The present invention relates to an emotional speech conversion method and apparatus using multitask learning with text-to-speech conversion.

Voice can be regarded as the composition of what should be conveyed-the content of the language-and the method of delivery-a style. Voice Conversion (VC) is an operation of changing a voice style while maintaining language content. This is a difficult task as language content may be lost or style information may not be changed during the conversion process.

In the prior art, speech conversion has been performed using a frame-based approach. When considering the source and target voices, an alignment between the two voices is obtained, and then the acoustic properties of the source voice are transformed into the target voice. Various methods have been applied to model acoustic functions such as Gaussian Mixture Model (GMM), Deep Neural Network (DNN), and Recurrent Neural Network (RNN). The success of a sequence-to-sequence (seq2seq) model, which has been noted in the recent prior art, is also applied to speech conversion. During the training of the seq2seq speech conversion model, problems such as incorrect pronunciation and learning instability were observed. In this prior art, text supervision is added to each stage of the decoder output to improve the quality of speech conversion. However, this approach is limited because it requires clear alignment by human or Dynamic Time Wrapping (DTW).

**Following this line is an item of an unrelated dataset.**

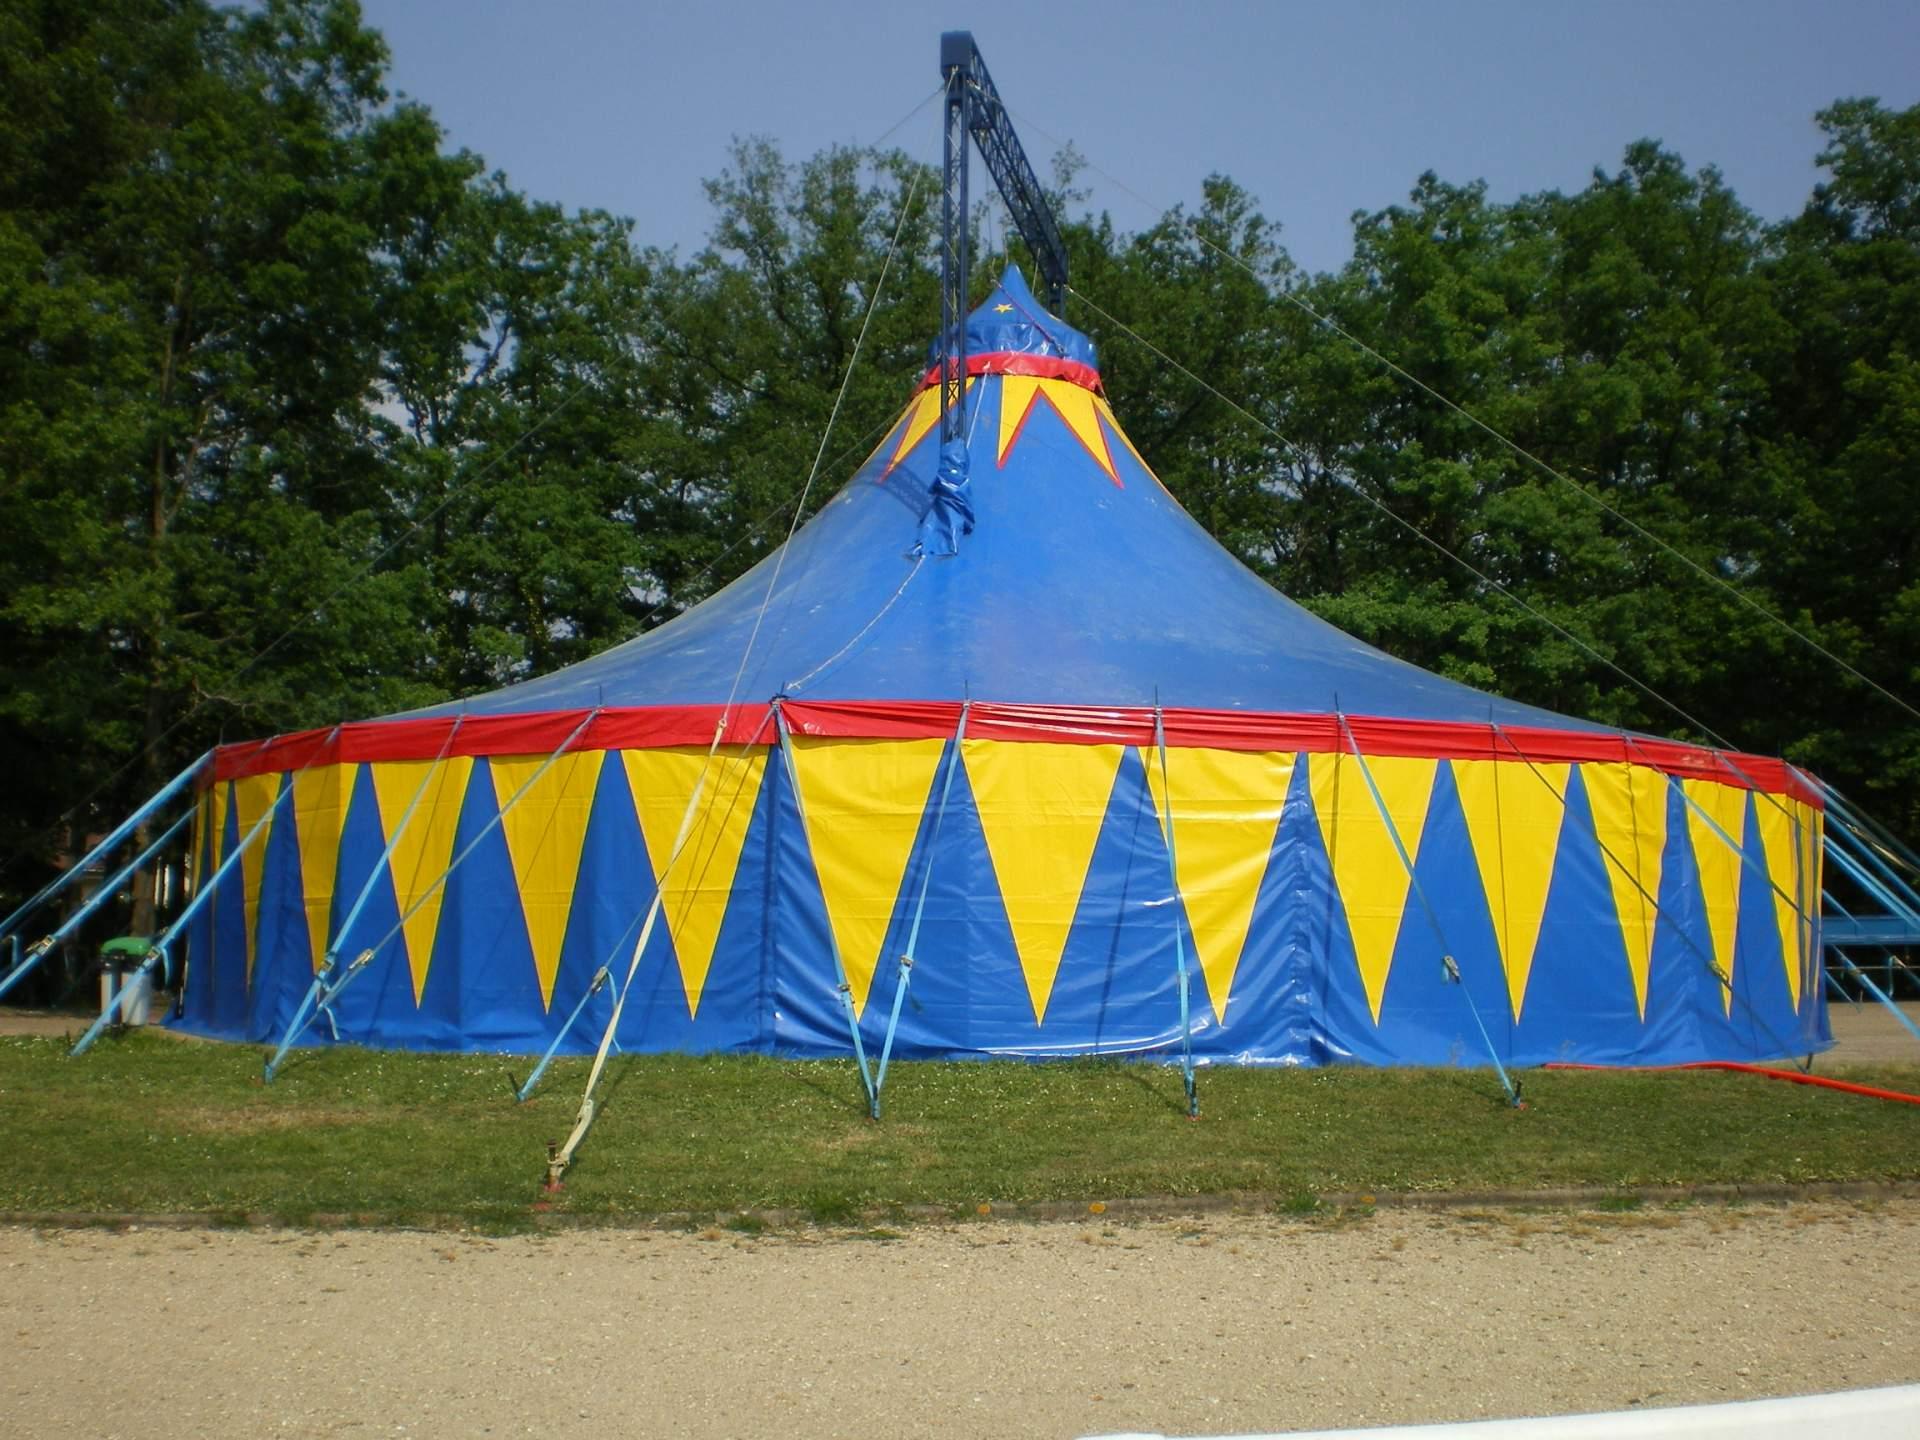 location de chapiteau de cirque rond sans corniche 20 m location de chapiteaux de cirques et. Black Bedroom Furniture Sets. Home Design Ideas

Traditionally, frame-based models have been used to solve VC. Given the source and target voices, their alignment is found by the DTW. Then, the transformation between the acoustic properties of the aligned frames is modeled. Recently, the seq2seq model was proposed in VC. In this model, the model jointly learns the alignment and frame transformation by attention mechanisms without explicit temporal alignment. However, the performance of VC is not sufficient because the converted voice may lose language information. For example, the same word may be repeatedly generated, some words may be deleted, or mispronounced. Text supervision is added to the VC to prevent this speech phenomenon, but explicit alignment is required. Unlike previous work, TTS was used to guide language information to the VC. No explicit alignment is required for this approach.

On the other hand, emotional voice conversion mainly performed frame-based conversion or rule-based approach. This approach has limitations because DTW does not guarantee that exact sorting and rule-based approaches have limitations in speech conversion modeling. This can be improved by using models that do not rely on explicit alignment.

An object of the present invention is to provide a speech conversion method and apparatus using multitask learning using text-to-speech (TTS). Through the proposed emotional voice conversion method and apparatus, the entire network is learned to minimize the loss of VC and TTS, and the VC captures more language information and tries to preserve learning stability by multitask learning.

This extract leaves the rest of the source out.